FR2510225A1 - Safety valve for fluid pipework - has internal differential opening pressure and light valve spring to resist this - Google Patents

Abstract

The safety relief valve has a body (1) with a stepped bore. The valve seat (11) is supported in the larger bore on a bush (13) retained by a circlip (14). The exhaust ports (12) are located just above the valve seat. The sliding valve has a larger diameter section which covers the exhaust ports and a reduced diameter section (8). The reduced section fits into the upper bore of the body and is sealed by an 'O' ring (9). A spring (5), adjusted by the screw (3) exerts a closing pressure on the valve. Due to the different areas above and below the valve, a differential pressure tending to open the valve is resisted by the light spring.

Description

Closure device for fluid circuits
The invention relates to devices for closing fluid lines and in particular safety valves, relief valves, piloted or not.

There are many known shutter devices for vapor and various gaseous or viscous fluids, corrosive or not. These devices generally use a valve on which all of the pressure to be applied applies and whose closed retention is obtained by means of a spring with adjustable load applying the valve on its seat which can be canaque or flat (valve with glass) or be an added seal whose choice of constituent materials depends on the operating temperature and the nature of the fluid. The valve seats are all the more fragile the higher the beat frequency and the pressure. Sealing devices using valves are generally complicated and expensive and their reliability leaves much to be desired.

The object of the present invention is to remedy these drawbacks. The invention, as characterized in the claims, solves the problem of creating a shutter device with differential action, the contact pressure of the valve on its seat is independent of the pressure applied to the valve, said contact pressure is chosen according to the needs, it is obtained by means of a spring of very weak force compared to the pressure.

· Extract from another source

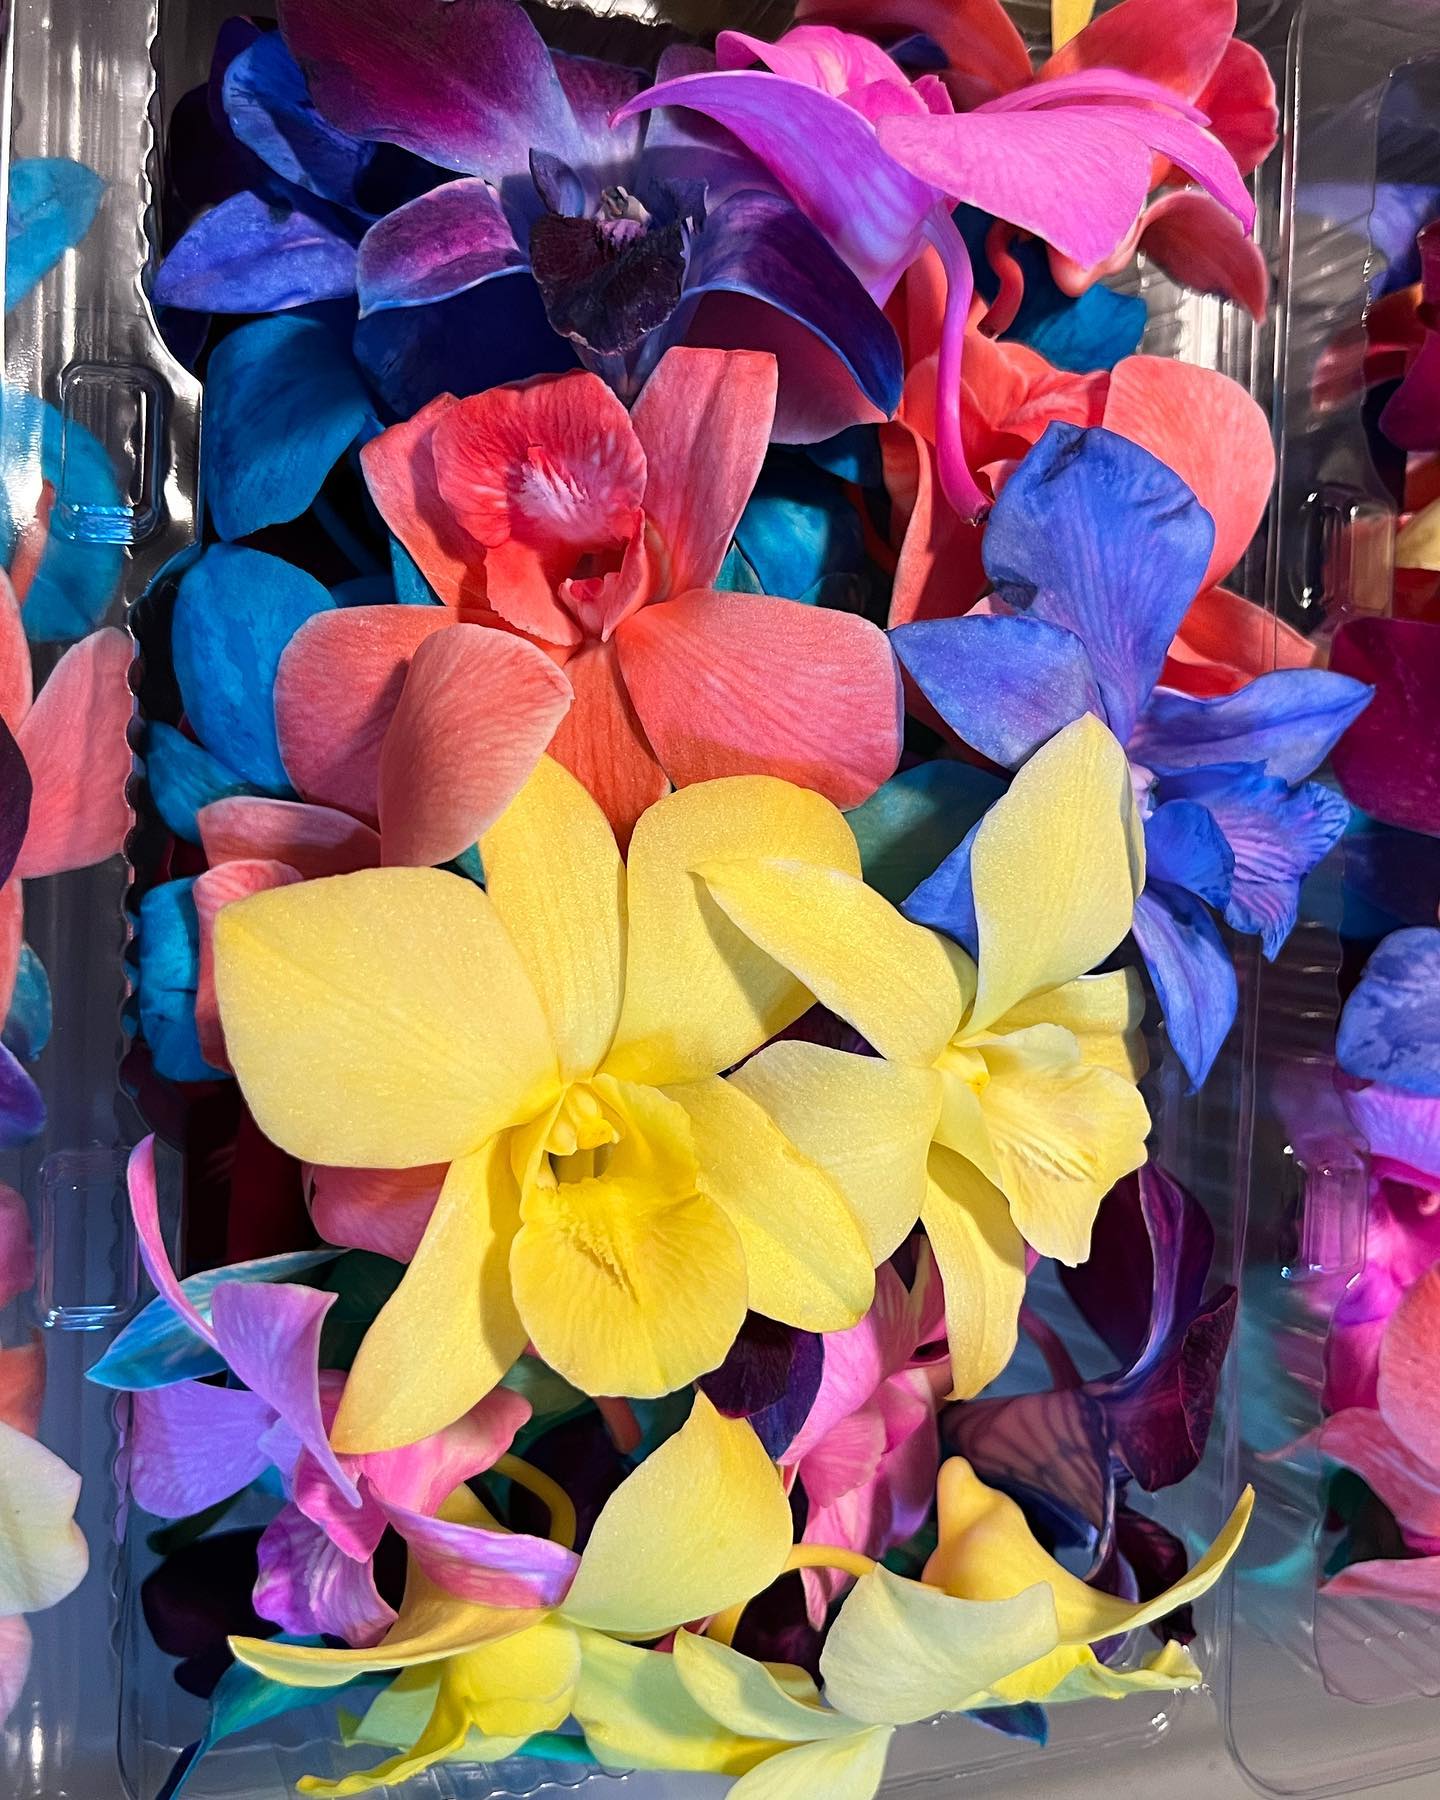 50 All Yellow DYED Orchid Loose Bloom Fresh Cut Flowers Bundle Build A Box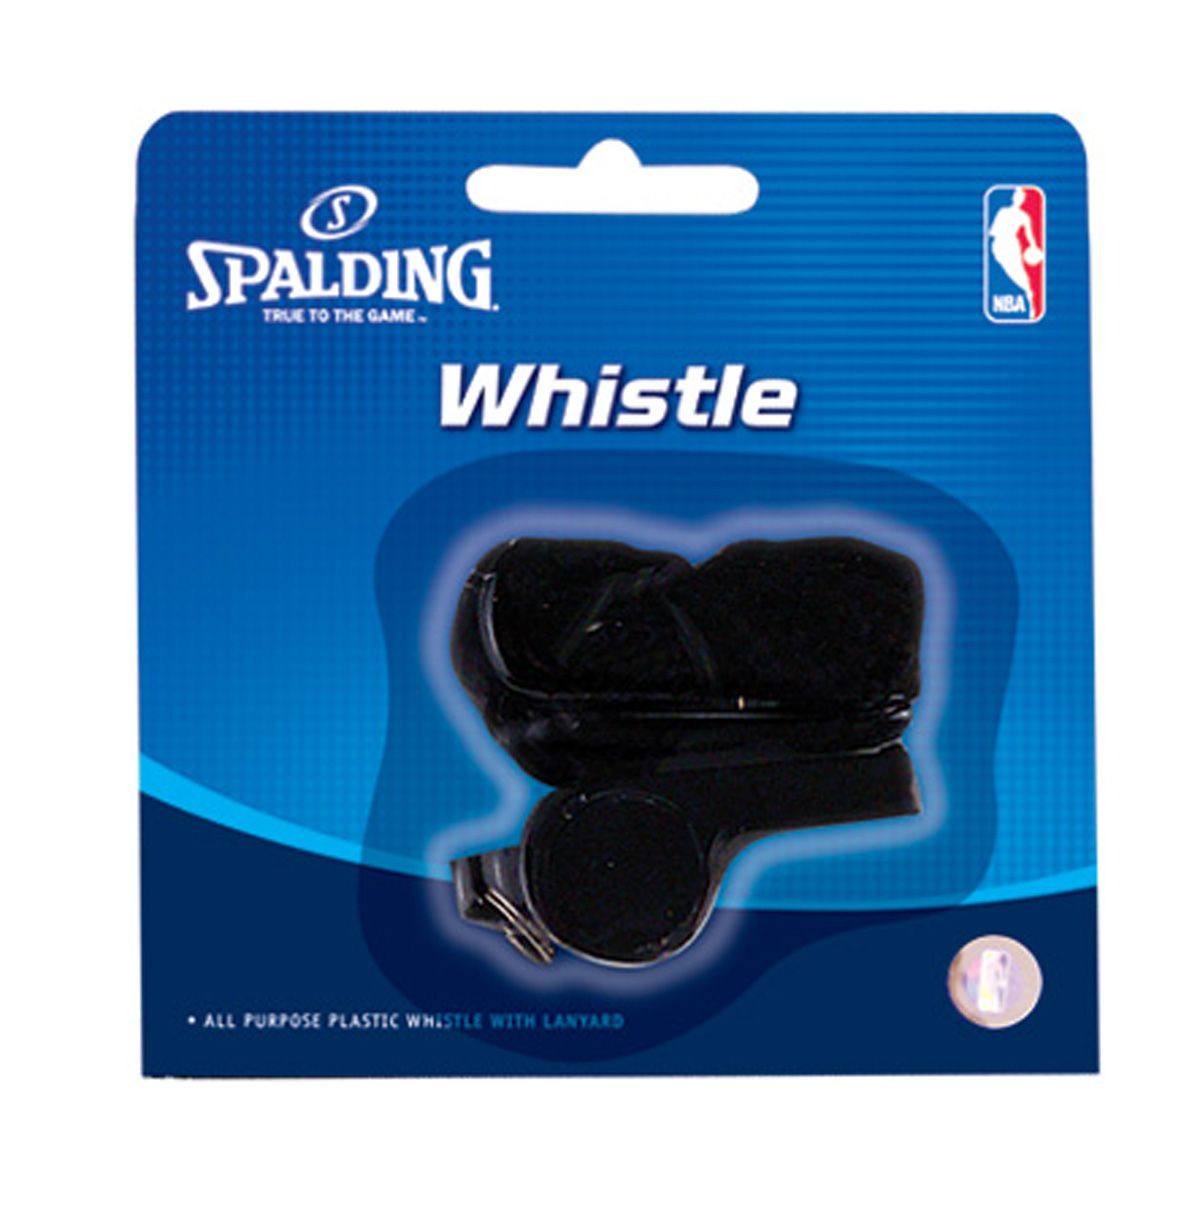 Spalding Plastic Black Whistle with Lanyard

The advantages obtained by means of this invention are the following: - shutter pressure independent of internal pressure, - low force of the shutter holding spring, hence a very increased longevity of the valve seat whatever the internal pressures and the type of valve, - very great simplicity and very low cost - again compared to existing devices.

The invention is set out below in more detail with reference to the accompanying drawings showing several embodiments in which - fig.l shows in section a shutter device according to the invention with differential action, the exhaust of which takes place outdoors; - 9.2.7, montrenfn cuts an example with a differential ice valve; - fig.3 shows a variant of fig.l in which the internal seal is obtained by means of a metal bellows, - fig.4 shows in section an example of a device with differential action drawer, - fig .5 shows in section an example of a differential valve device driven by a thermostatic bellows; - Fig.6 shows in 1/2 section an example of a shutter device driven by a thermostatic bellows.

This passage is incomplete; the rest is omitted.